### HOW TO COMPLETE THIS TASK
The material below holds pictures; leave them out and reproduce exactly the lines from the one with "Skechers Men's Equalizer- Double" through the one with "Fab-Farm-quilt-sewing-pattern-Elizabeth-Hartman-front", inclusive.

### WORKING DATA

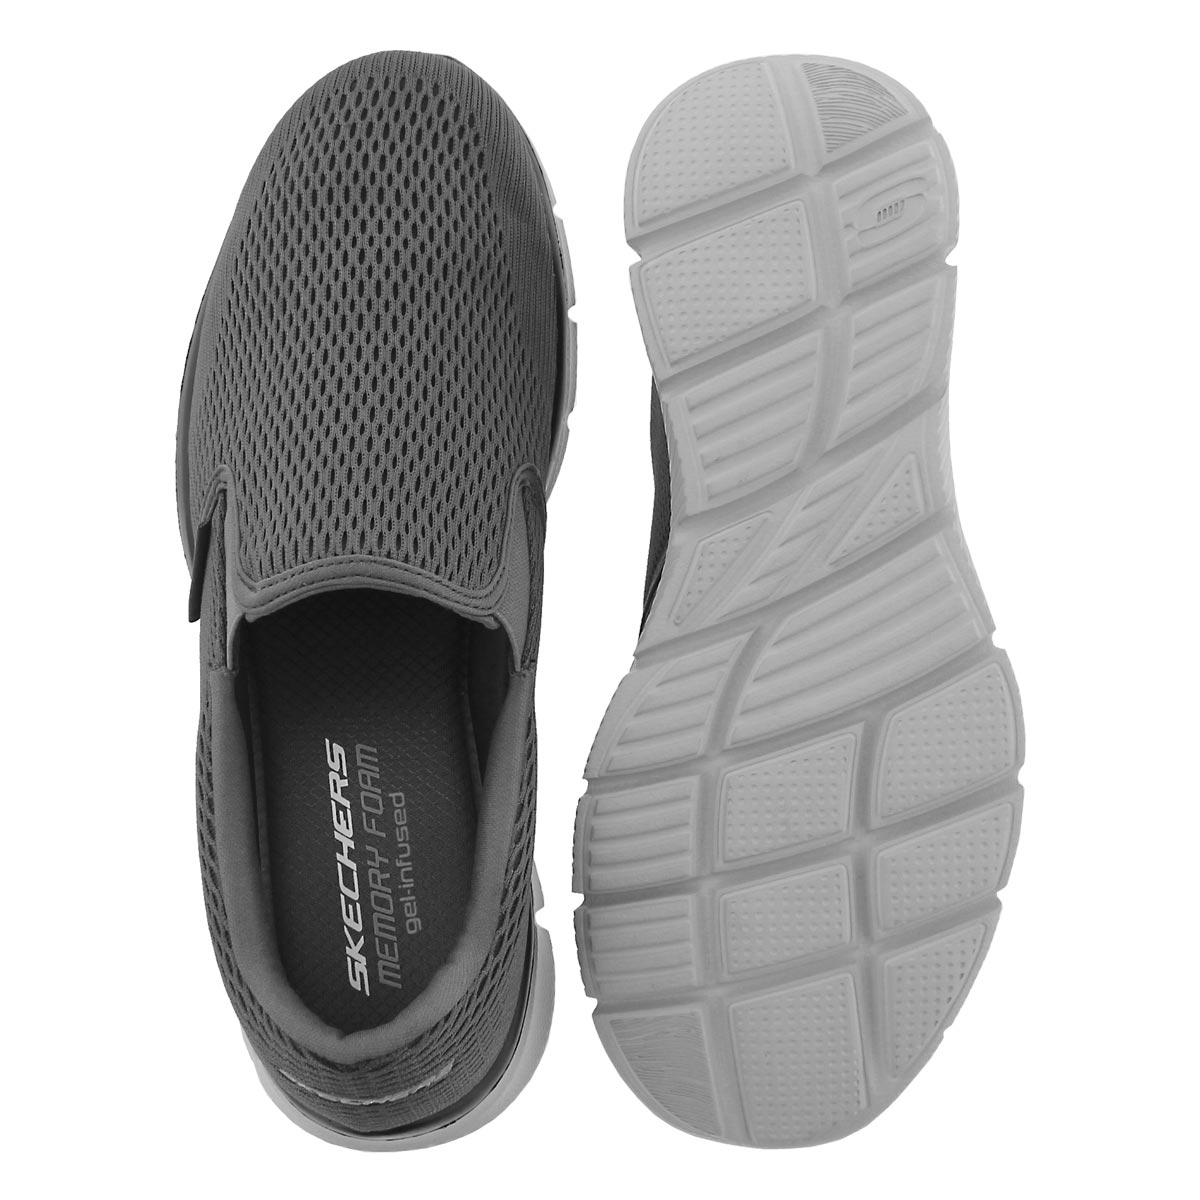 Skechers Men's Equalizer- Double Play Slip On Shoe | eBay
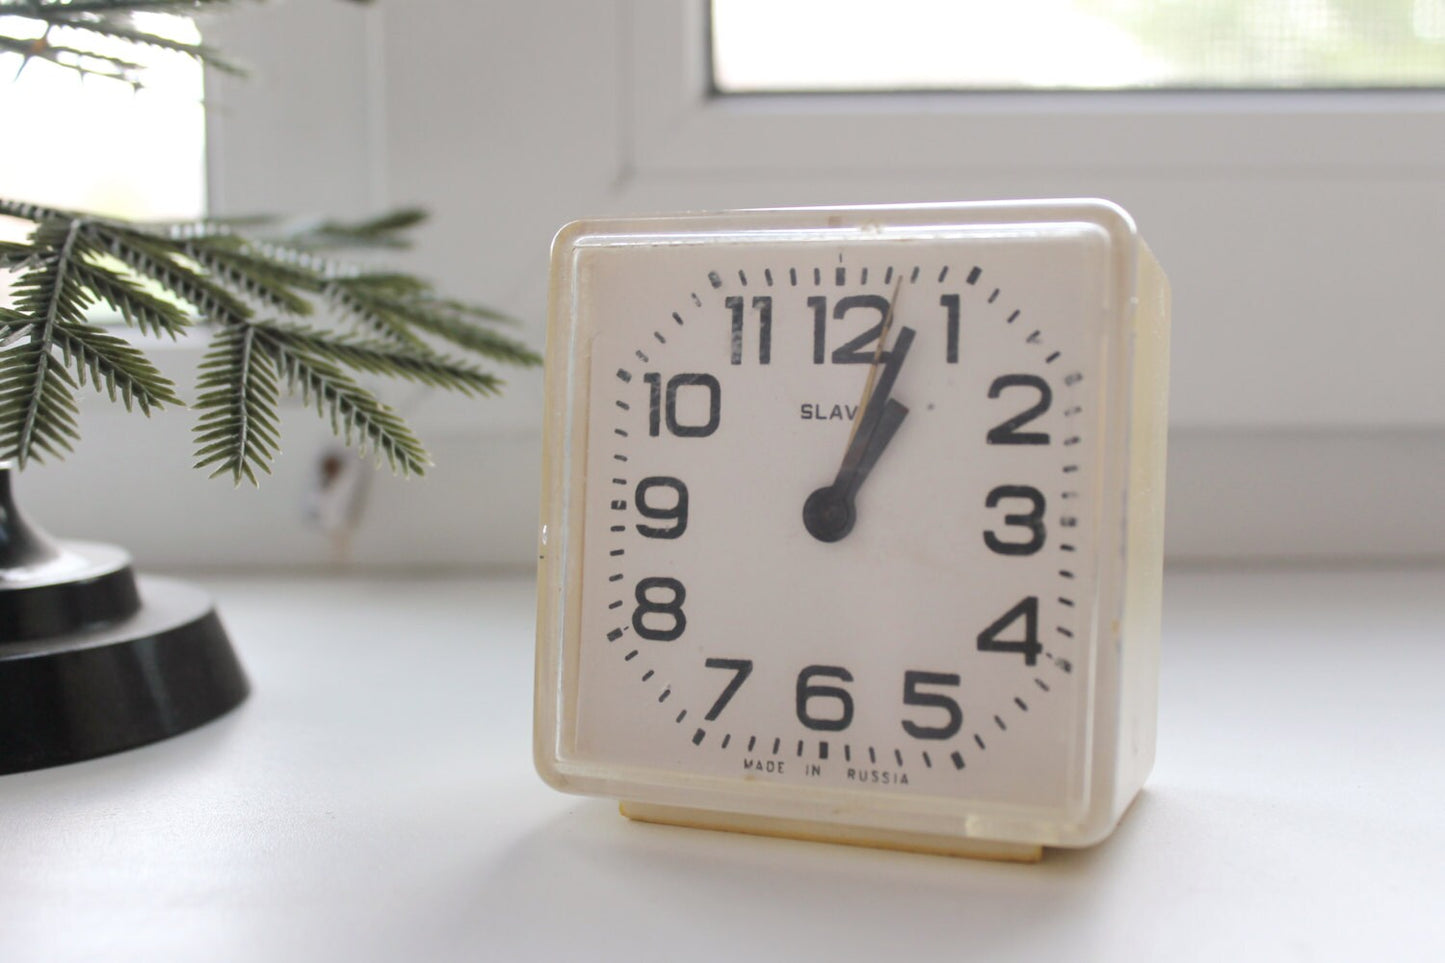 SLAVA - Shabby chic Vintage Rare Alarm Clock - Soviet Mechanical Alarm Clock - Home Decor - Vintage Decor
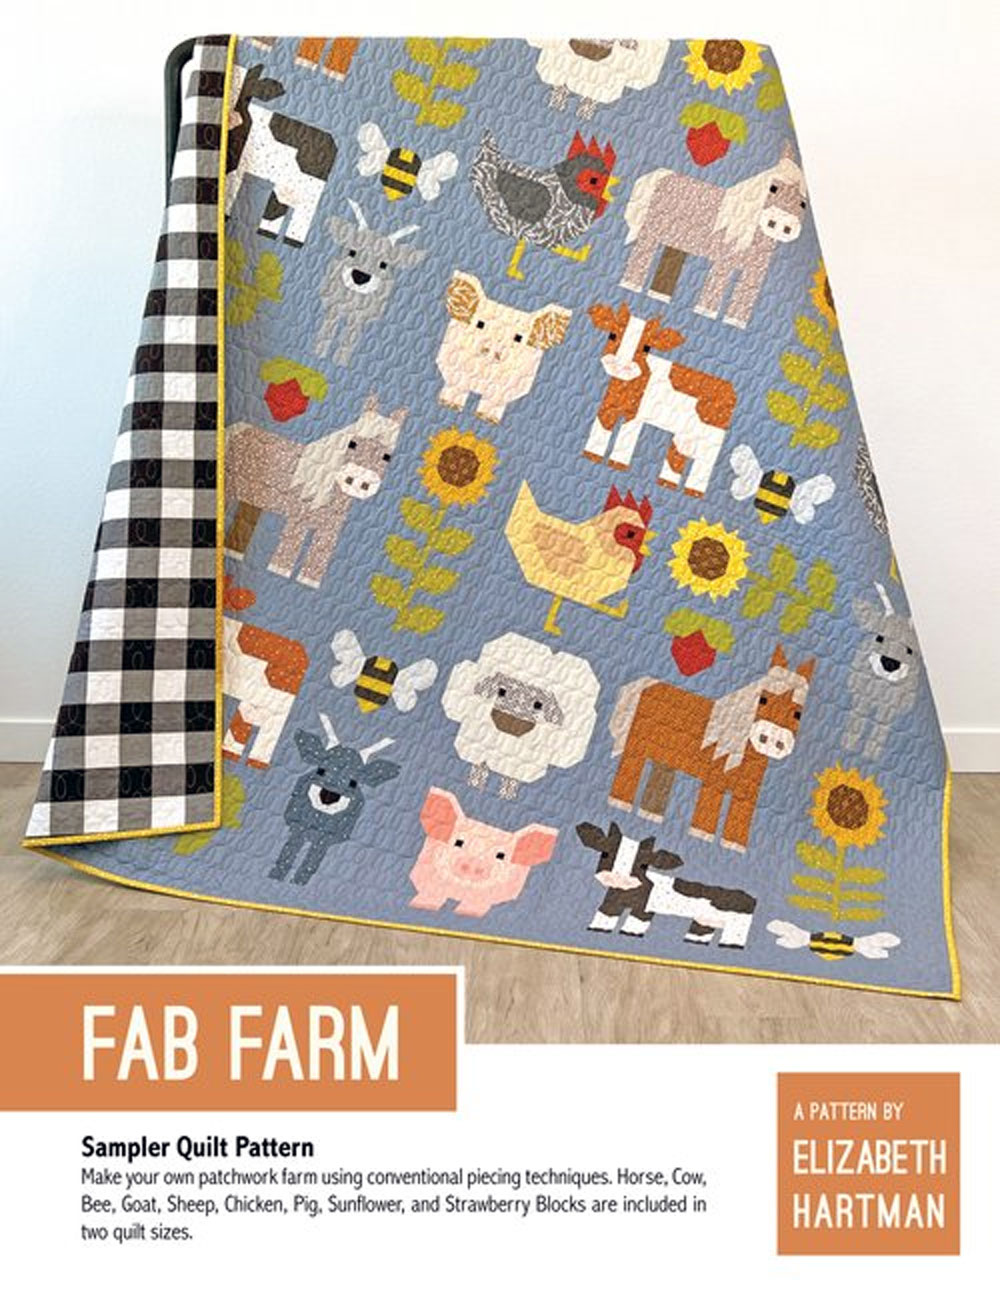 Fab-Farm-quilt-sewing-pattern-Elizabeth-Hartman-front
...
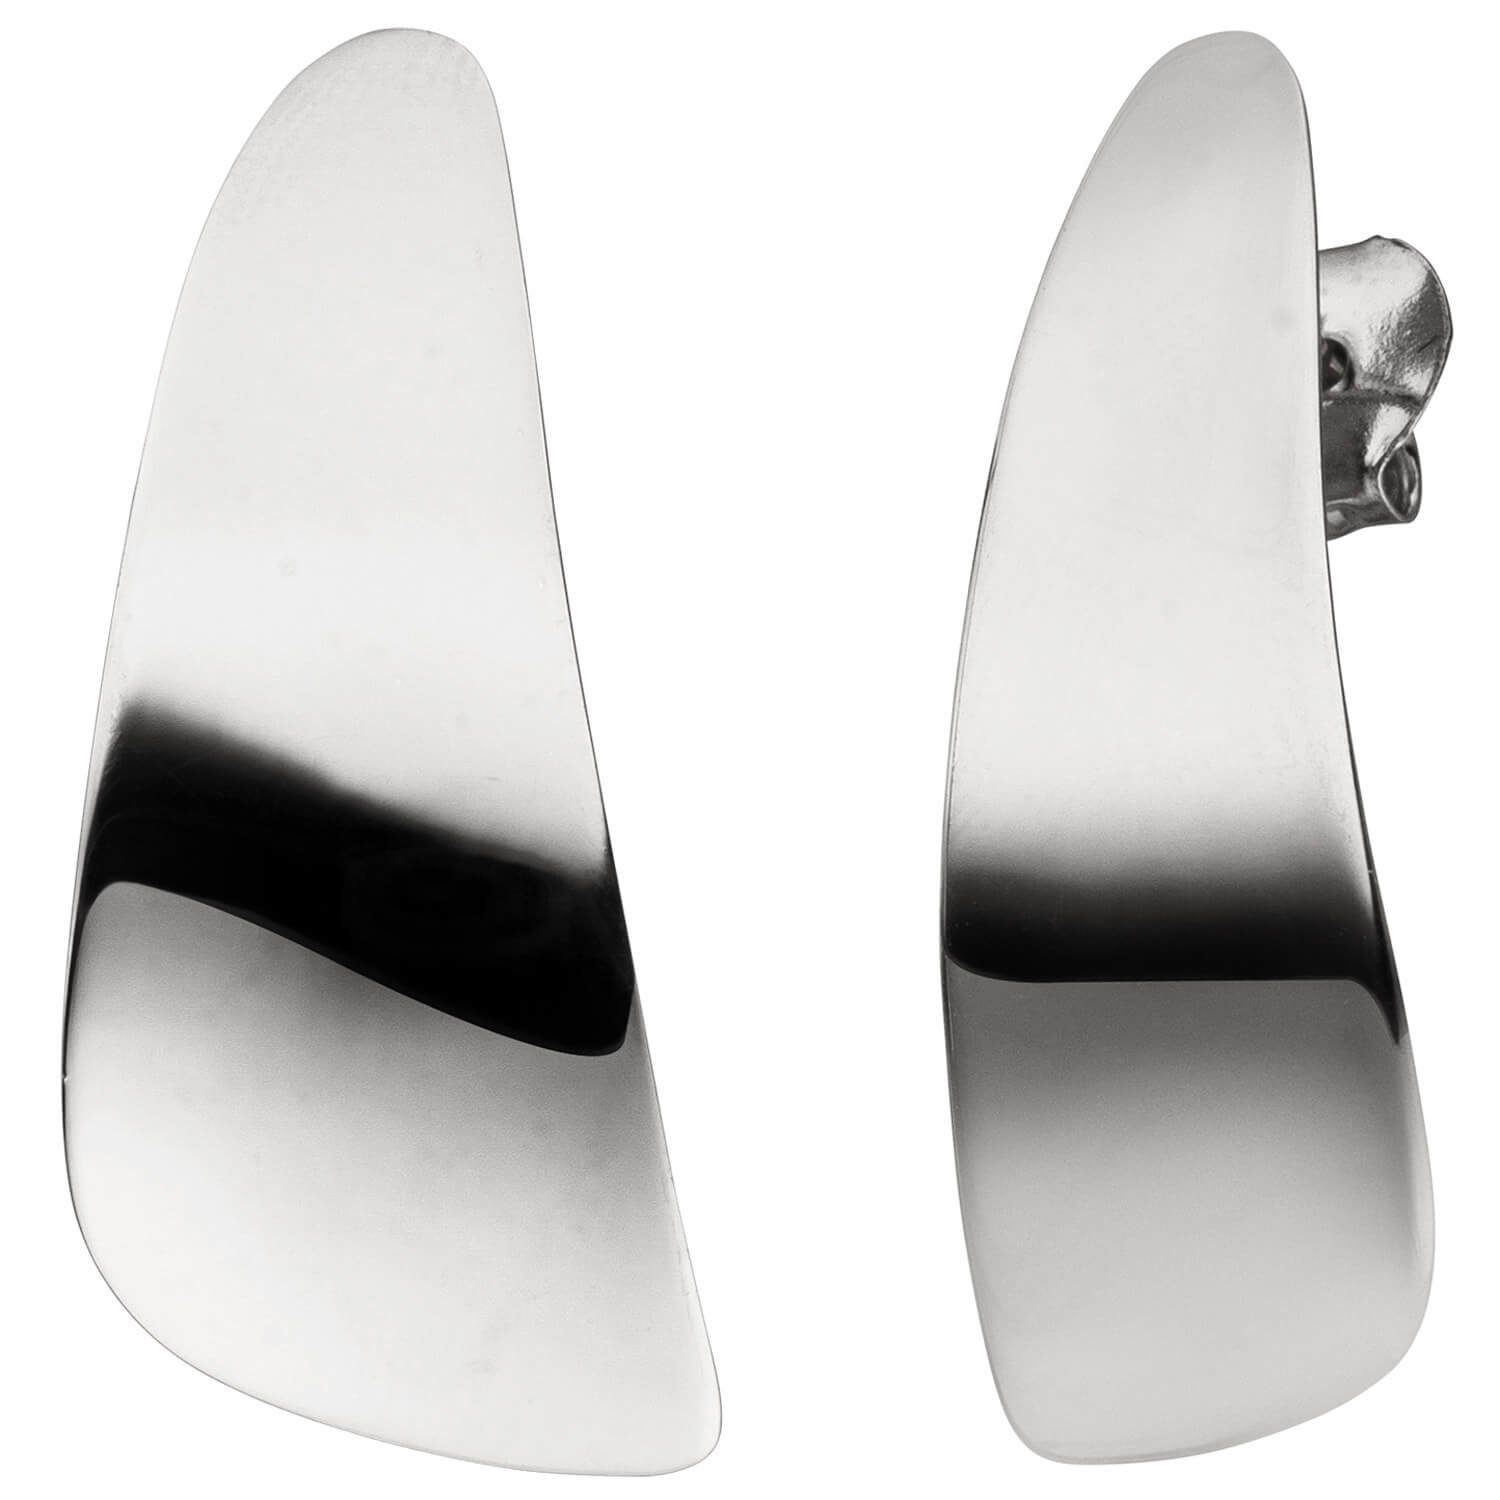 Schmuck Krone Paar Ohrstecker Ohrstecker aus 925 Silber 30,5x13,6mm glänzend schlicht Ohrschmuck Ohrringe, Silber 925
...
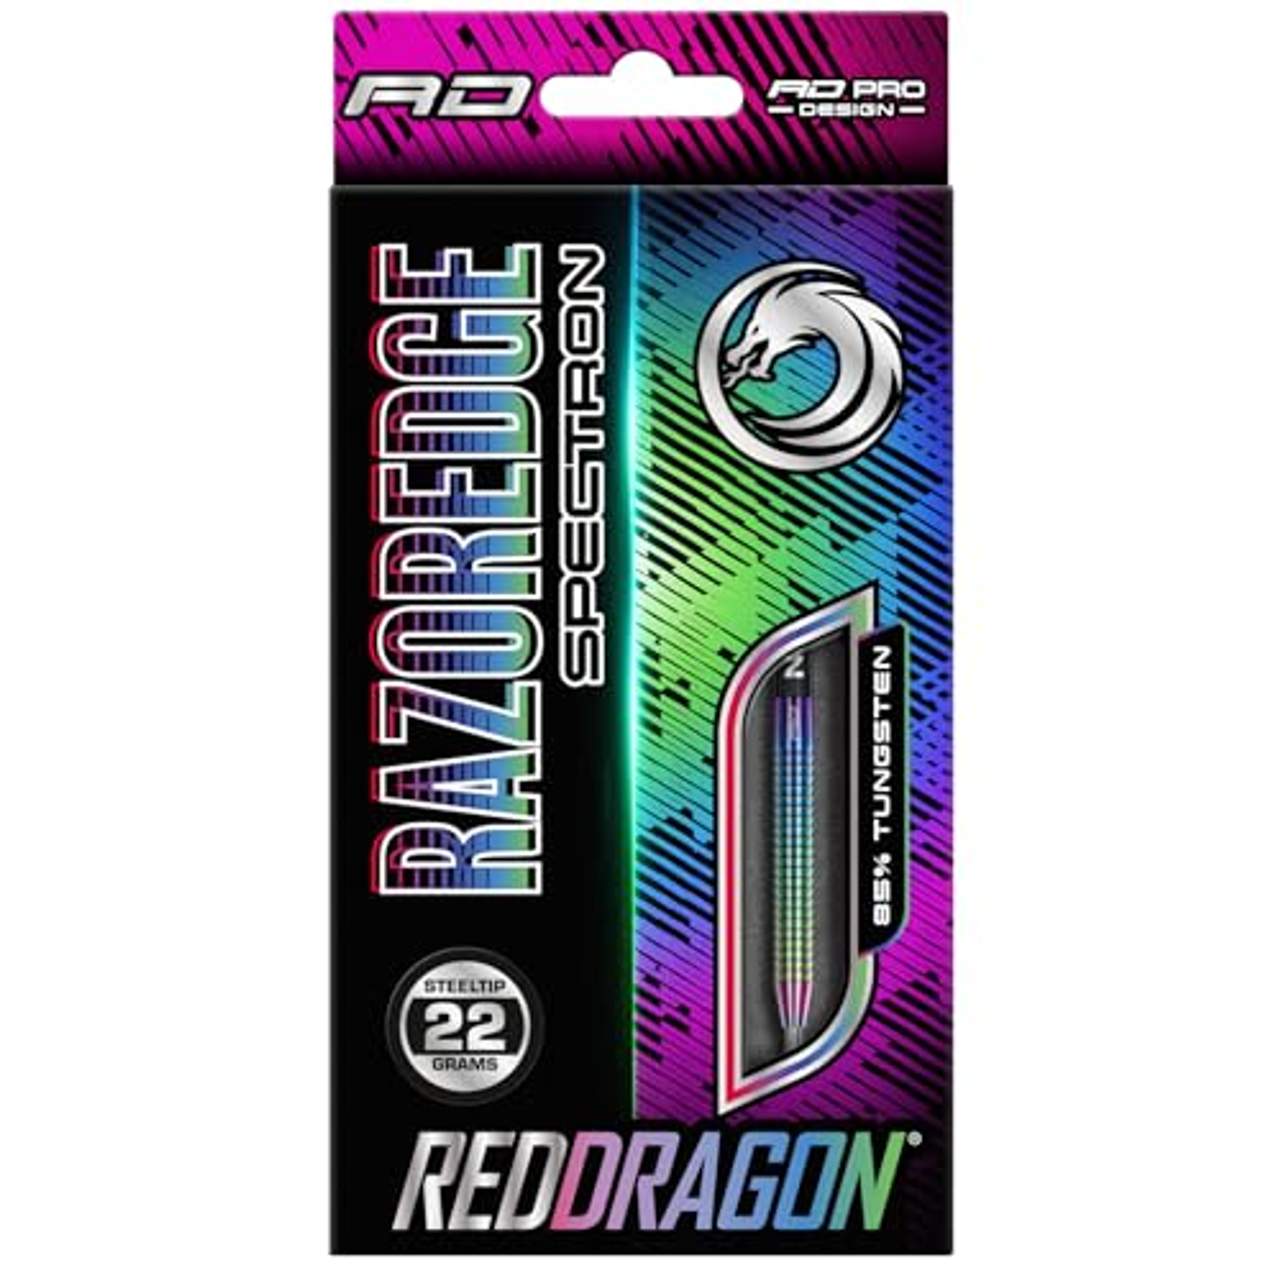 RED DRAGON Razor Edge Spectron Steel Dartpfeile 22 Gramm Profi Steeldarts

### REPLY TO THE TASK
 Skechers Men's Equalizer- Double Play Slip On Shoe | eBay
 SLAVA - Shabby chic Vintage Rare Alarm Clock - Soviet Mechanical Alarm Clock - Home Decor - Vintage Decor
 Fab-Farm-quilt-sewing-pattern-Elizabeth-Hartman-front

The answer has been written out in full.